- Location: Mont-Valin (TNO), Le Fjord-du-Saguenay Regional County Municipality, Saguenay–Lac-Saint-Jean
- Coordinates: 47°57′28″N 71°57′26″W﻿ / ﻿47.95778°N 71.95722°W
- Lake type: Natural
- Primary inflows: (clockwise from the mouth) Lac Dino, Doumic Lake, lac du Diamant, décharge des lacs Clair, des Jumeaux et Bernières, décharge d’un ensemble de lacs dont Dugal et du Détour, décharge du lac Montplaisir, décharge du lac Belette, décharge du lac Jacob.
- Primary outflows: Maingard Lake
- Basin countries: Canada
- Max. length: 8.0 km (5.0 mi)
- Max. width: 7.1 km (4.4 mi)
- Surface area: 15 km^{2} (5.8 sq mi)
- Surface elevation: 700 m (2,300 ft)

= Moncouche Lake (Mont-Valin) =

Lake in Mont-Valin, Quebec, Canada

The Moncouche Lake is a freshwater body of the watershed of the rivière aux Sables, flowing in the unorganized territory of Mont-Valin, in the Le Fjord-du-Saguenay Regional County Municipality, in the administrative region of the Saguenay–Lac-Saint-Jean, in the province of Quebec, in Canada. Most of the area is included in the northwestern part of the territory of zec Martin-Valin, in the township of Garreau. Forestry is the main economic activity in the sector. Recreational and tourist activities come second.
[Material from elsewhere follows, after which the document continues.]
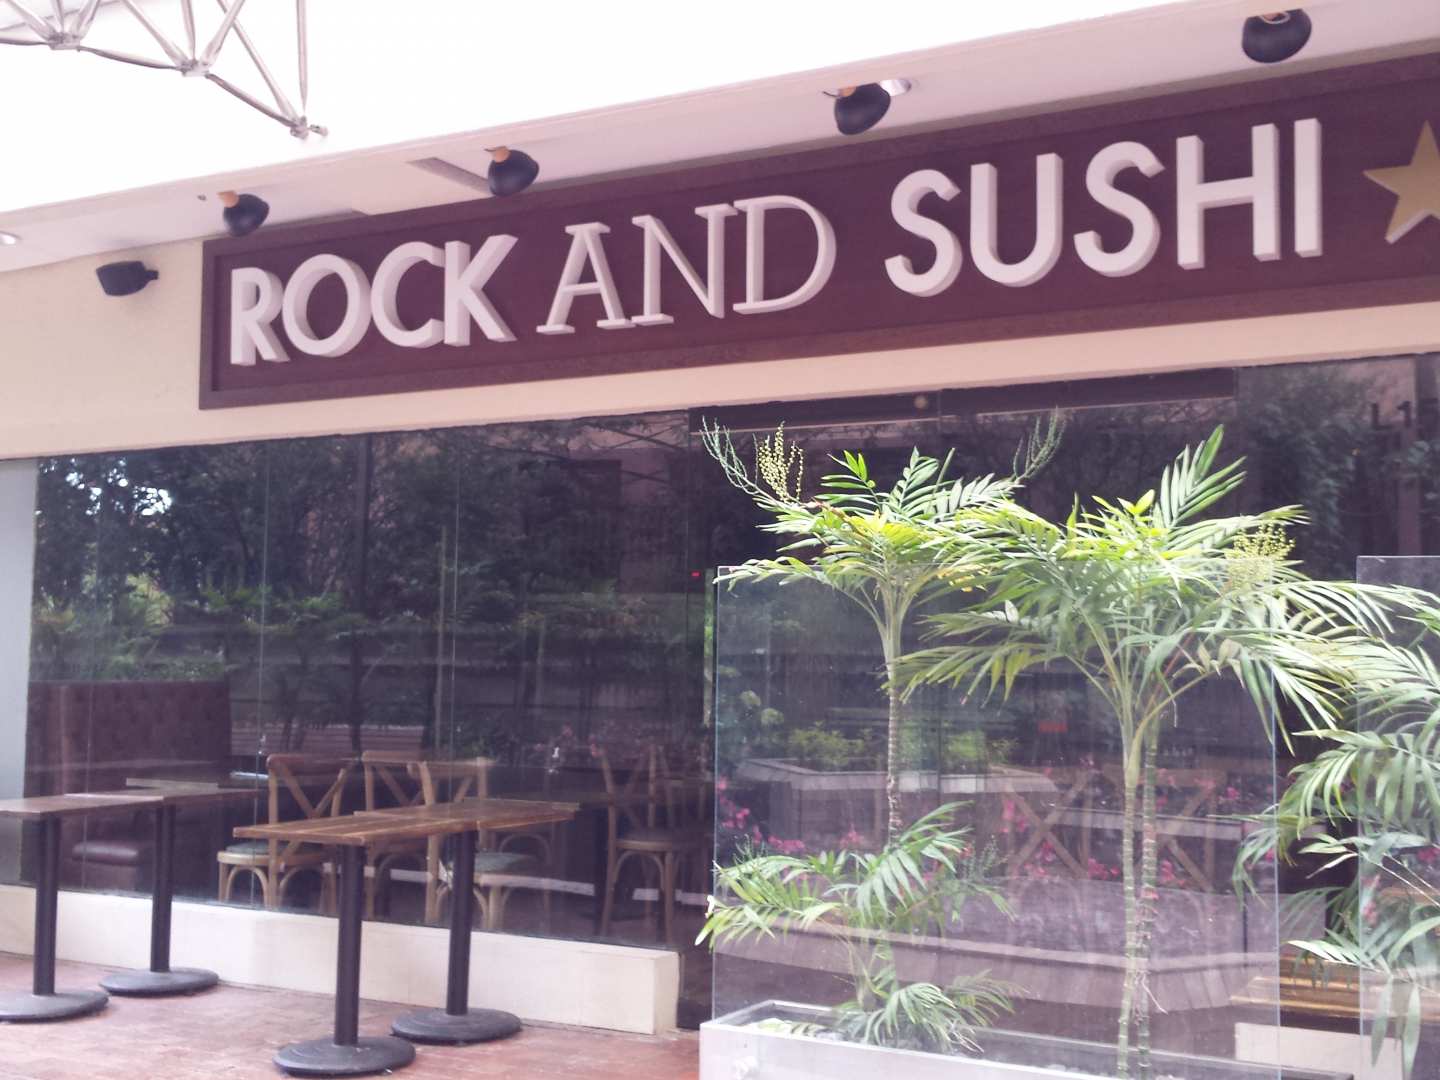 Rock And Sushi

The forest road R0208 (North–south direction) serves the eastern side of Lac Le Marié and the upper part of Rivière aux Sables. In contrast, on the east side, the forest road R0201 (north–south direction) serves the valley of the Saint-Louis River. A few other secondary forest roads serve the vicinity of Lake Moncouche for the purposes of forestry and recreational tourism activities.

The surface of lake Moncouche is usually frozen from the end of November to the beginning of April, however the safe circulation on the ice is generally made from mid-December to the end of March.

== Geography ==
The main watersheds near Lake Moncouche are:
- North side: Wapishish River, Poulin River, rivière aux Sables, rivière aux Castors (rivière aux Sables);
- East side: Doumic Lake, Betsiamites Lake, lac Le Marié, brook Liégeois;
- South side: Sainte-Marguerite River, rivière à la Cruche, Bras de l'Enfer;
- West side: Saint-Louis River, Nisipi River, Étienne River (Shipshaw River).
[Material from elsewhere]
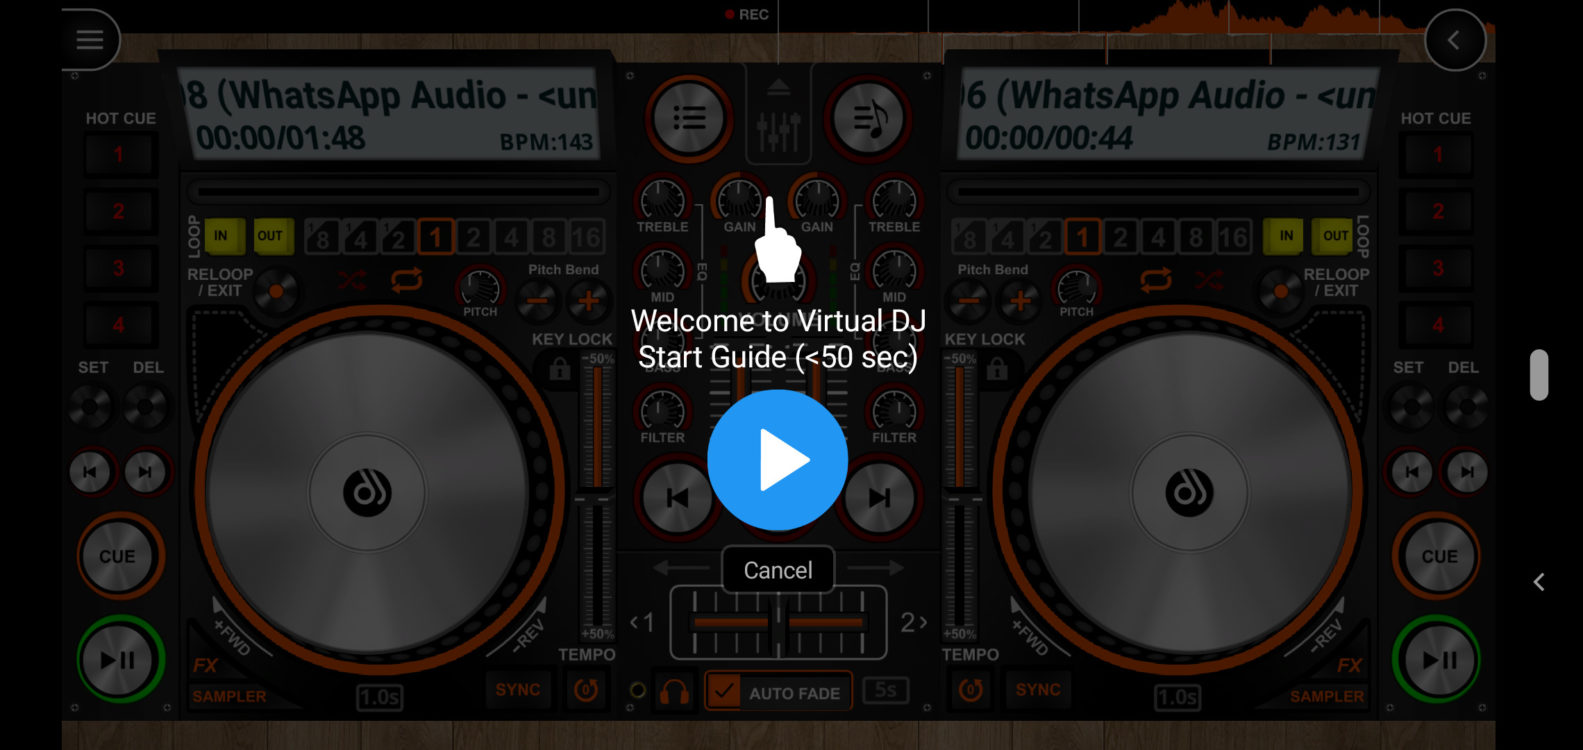 virtual dj for android free download apk

Lac Moncouche is located entirely in the forest in the unorganized territory of Mont-Valin. Lac Moncouche has a length of 8.0 km, a maximum width of 7.1 km and an altitude of 700 m. This body of water has a complex perimeter, being very indented. It has many islands and peninsulas. Lac Moncouche adjoins in particular lakes Doumic, Maingard and Le Marié; this group of lakes feeds the head area of the rivière aux Sables.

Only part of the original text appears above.